Define $F(x)=x\cdot(x-1)\cdot(x-2)\cdot(x-3)$. Let $y,T$ be positive integers. Is it then true that $y=7$, $T=8$ is the only solution to this equation? $$\frac{F(y)}{F(T)}=\frac{1}{2}$$
Motivation for the question:
The motivation for the question comes from this exercise:
Assume you have a bag with green and red balls. You pick 4 balls at random, all of them are green. You are told that the probability for this to happen is $0.5$. How many green balls were there in the bag, and how many balls were there in total?
By trial and error it can be shown that $7$ green balls and $1$ red ball, 8 in total will solve this probability exercise. But I am wondering if this is the only possibility? Or are there other combinations of green and red balls that would work? If the answer to the original question is yes, then only green = 7, total = 8 would work.
Is there a way to show that no other possibility would work?
PS: I don't know much about number theory, those tags was edited in. But I understand the answer may lie in that category of mathematics.
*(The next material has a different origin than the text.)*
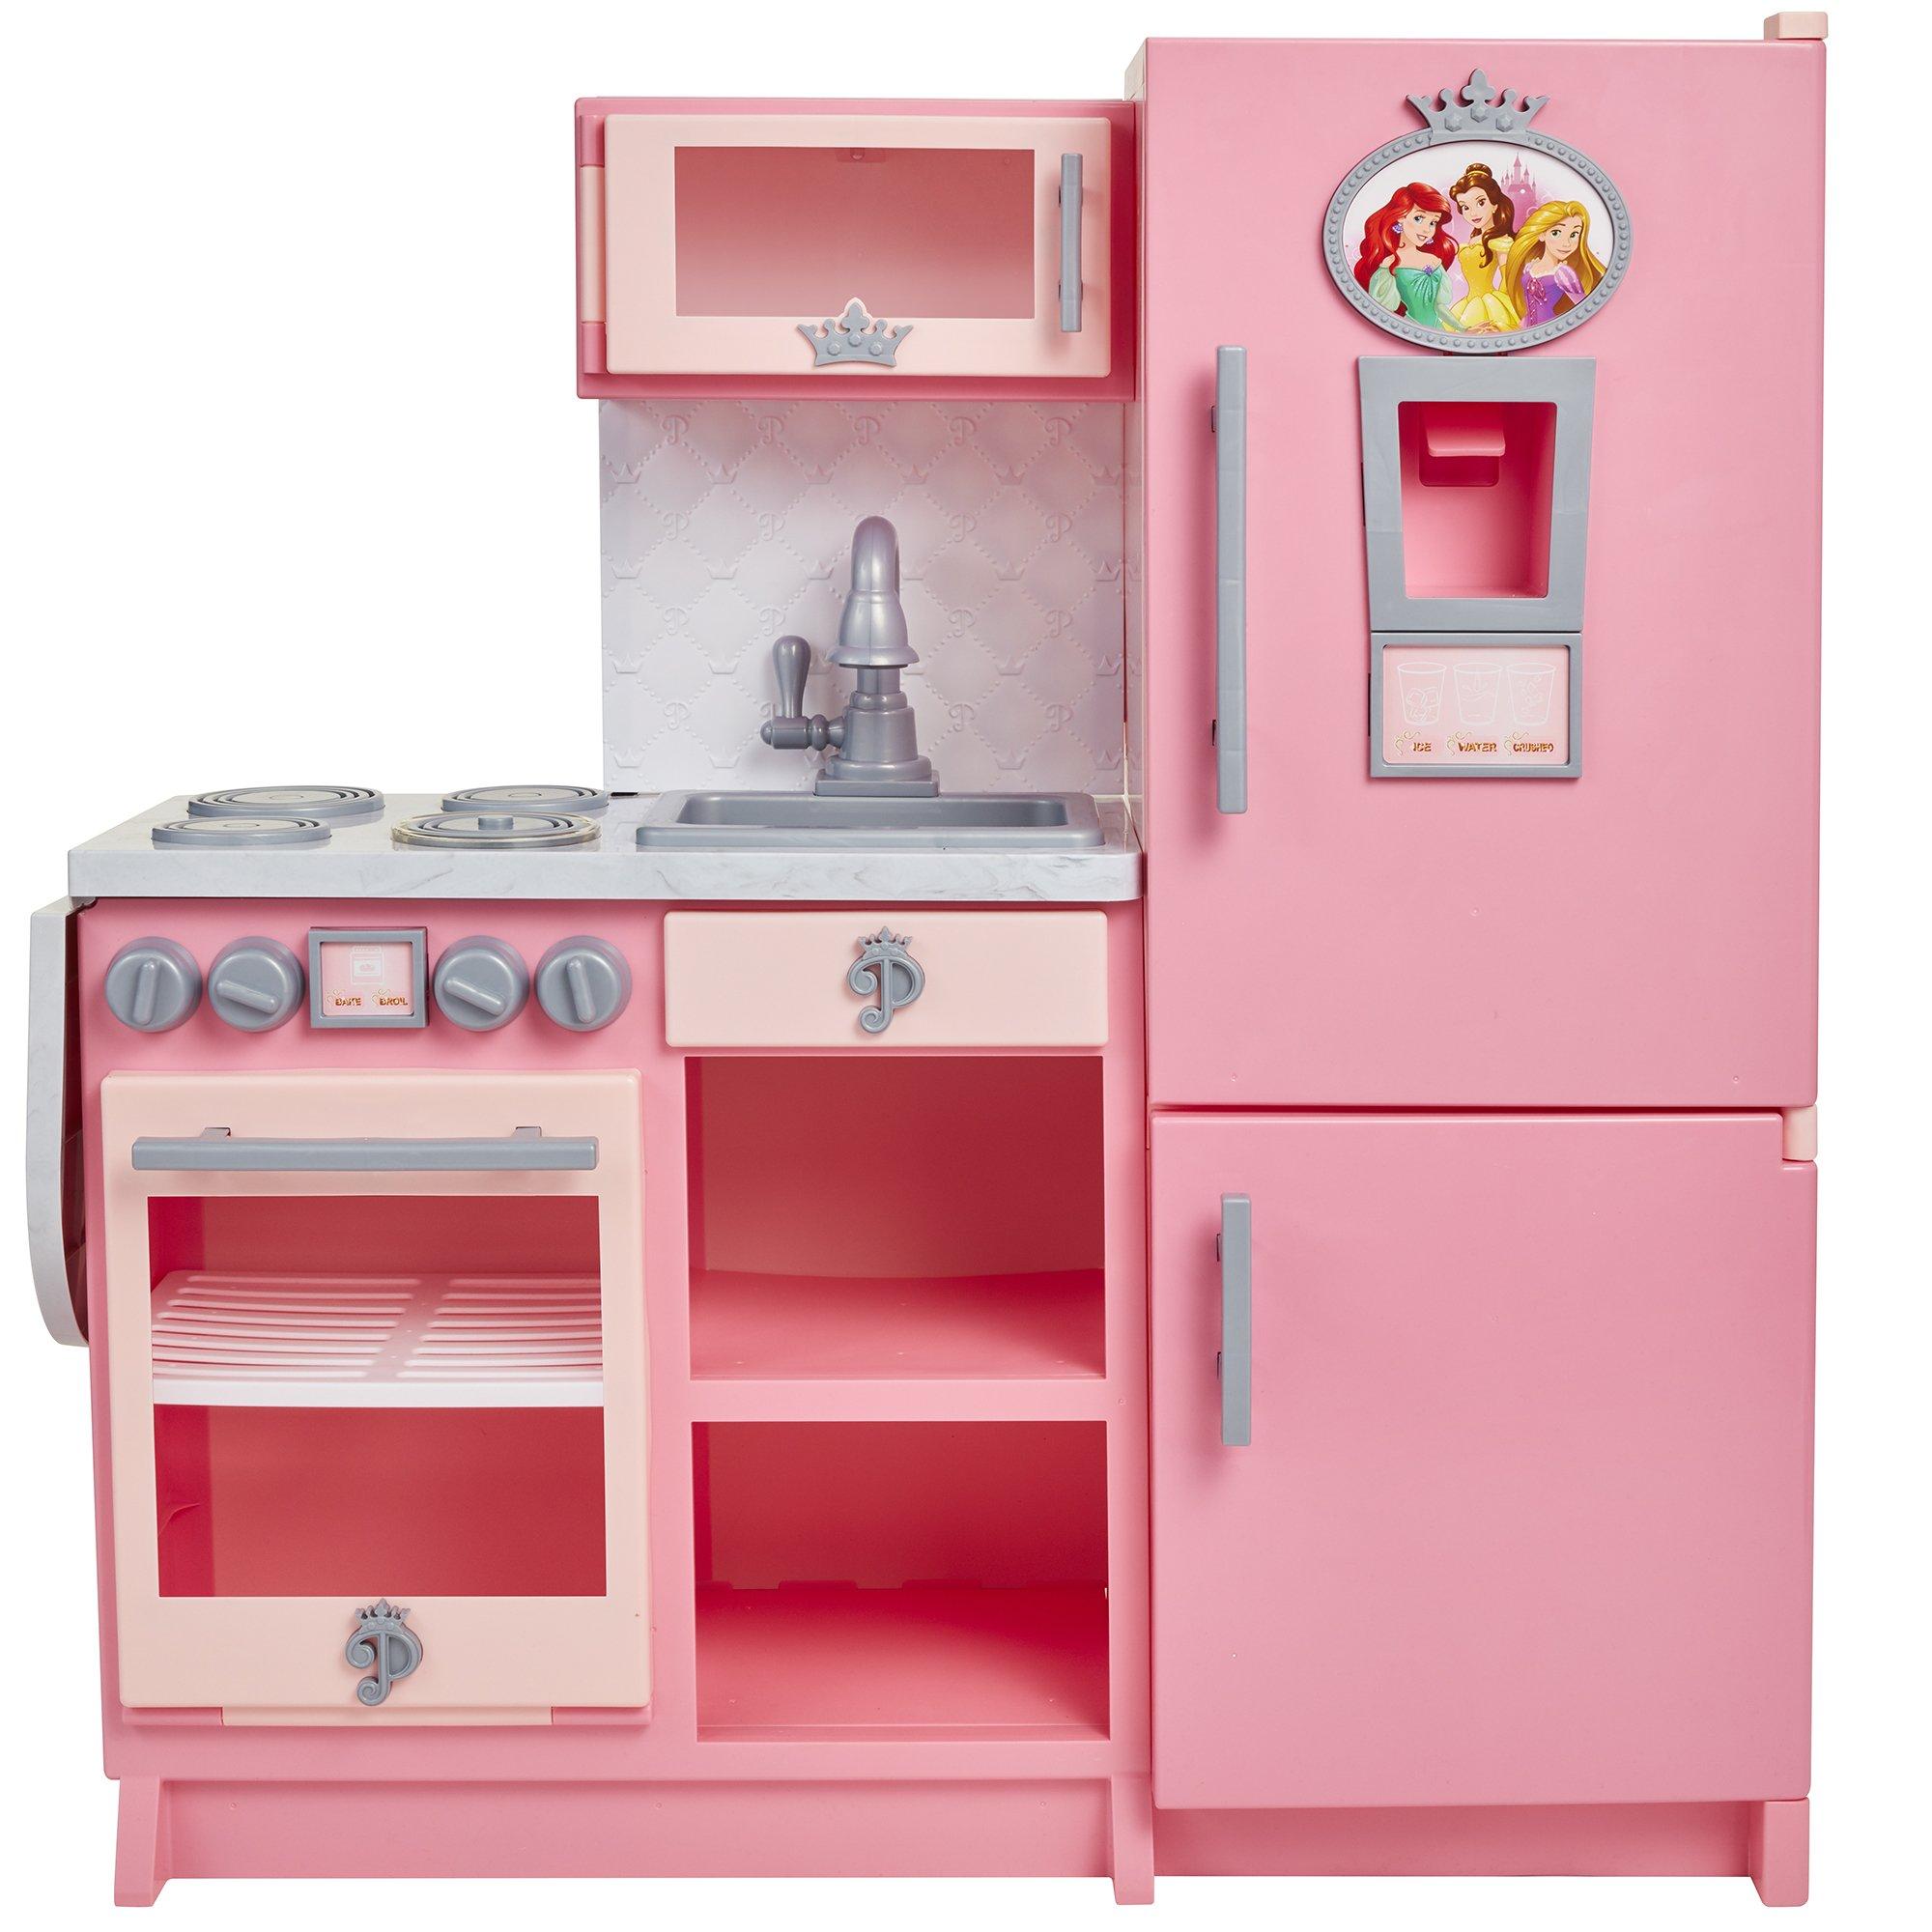 Disney Princess Style Collection Gourmet Kitchen by Disney Princess
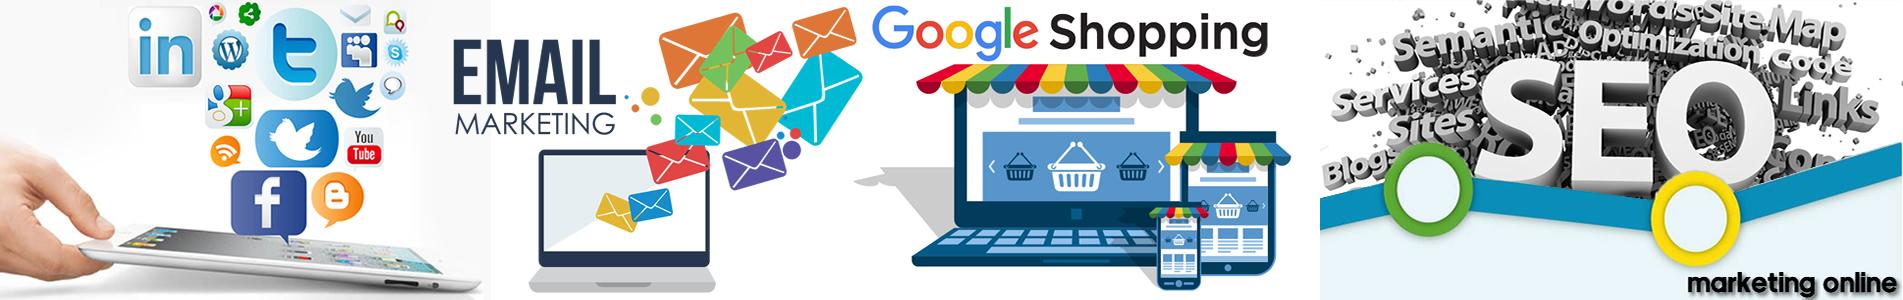 Servicios de marketing online. SEO, SEM, BLOG, REDES, MAILLINGS

Here is a hint: Note that $$ F(n)+1=n(n+1)(n+2)(n+3) + 1 = (n^2 + 3n + 1)^2. $$ So the equation $2F(n)=F(m)$ is equivalent to $$ 2(n^2+3n+1)^2-(m^2+3m+1)^2=1. $$ This is a (negative) Pell equation. From its solutions we can deduce the solutions of the original equation.
Edit: On needs to rewrite the four consecutive numbers in the product, i.e., $n=x-3$.